Coverage A: Dwelling -

This is the amount of coverage on the physical structure itself. This is the amount you would receive to rebuild your home in the event of a total loss. With most companies you want to make sure this amount is equal to the estimated replacement cost (see below) for the home. This often provides a guarantee that your home will be completely rebuilt, as is, after a loss. Also in the event of a partial loss, the home can be fixed without regard to actual cash value of the loss.

Coverage B: Other Structures -

Typically 10% of the coverage A amount of a policy. This amount is to cover damages to other structures on your property which are not directly connected to the home. This includes sheds, outbuildings, detached garages, etc.

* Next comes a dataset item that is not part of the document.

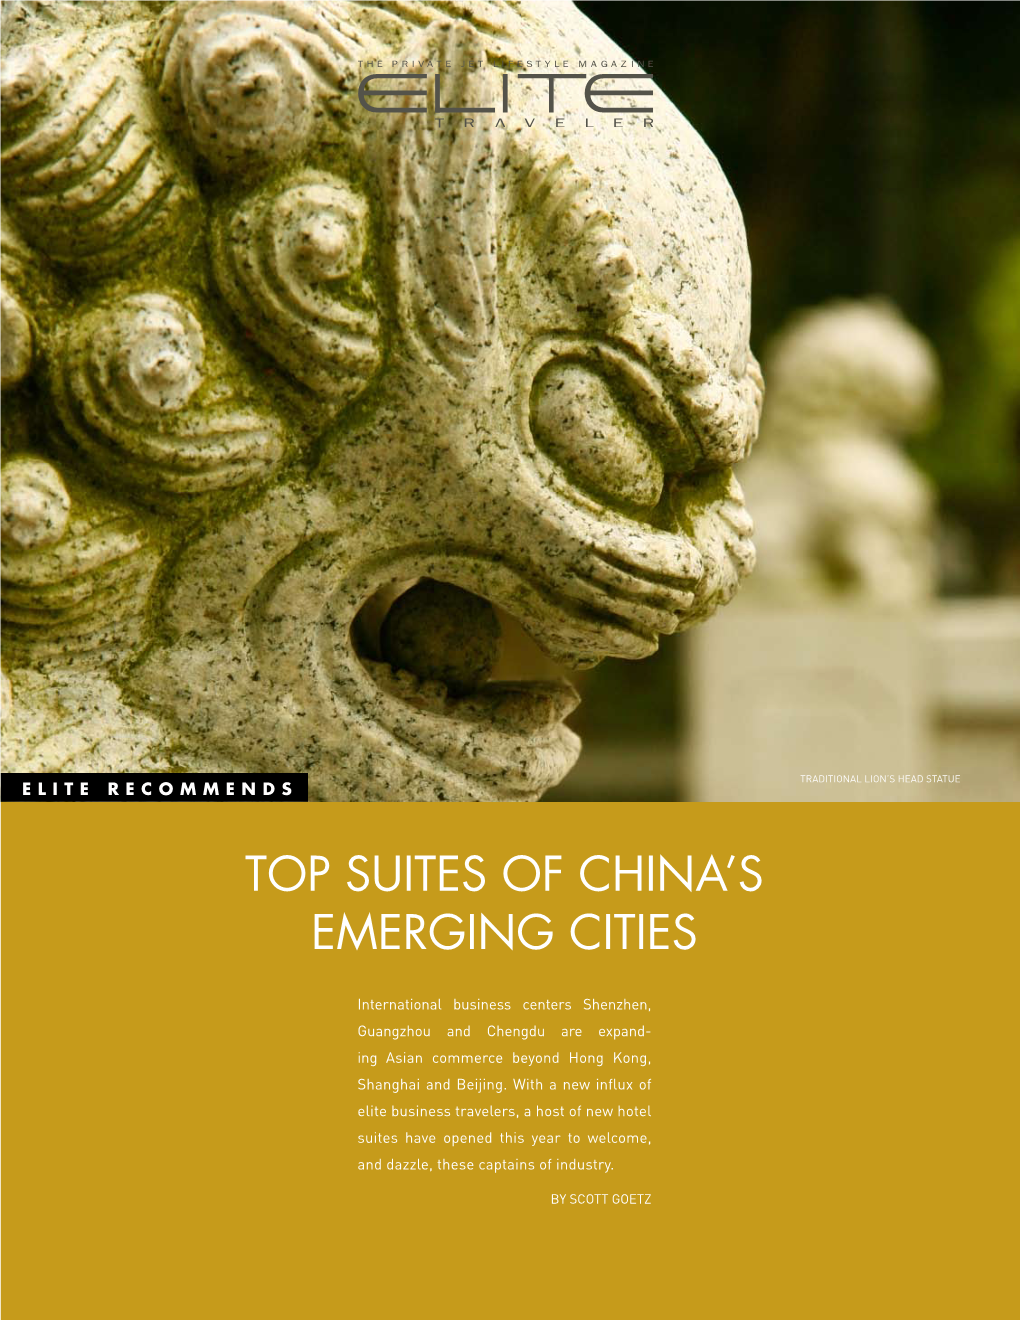 Top Suites of China's Emerging Cities

Coverage C: Personal Property -

This amount is also typically a percentage of the coverage A amount. It can range from 50% all the way up to 100% of the coverage A amount, depending on the carrier. A typical policy will have 70-75% of the coverage A available for personal property. This is the amount used to replace any personal effects destroyed by a covered peril. As with coverage A, you want to make sure your personal property is covered for replacement cost. This insures your property will be replaced without regard for applicable depreciation. For example, if you own a 2 year old 48" TV that cost you $2000, you may only receive $1000 for it (there is a book that lists depreciation factors for most common items). With replacement cost, you will get a new 48" TV, either a direct replacement, or one of "like kind and quality" if the same model is no longer available.

Coverage D: Loss of Use -

Typically 10-20% of the coverage A amount. Some carriers and/or policies even provide 100% of coverage A, and others provide for "actual loss sustained". This amount provides for additional living expenses to maintain your typical standard of living in the event you are unable to live in your home if it's damaged by a covered peril. These costs can include rent, food expenses, etc.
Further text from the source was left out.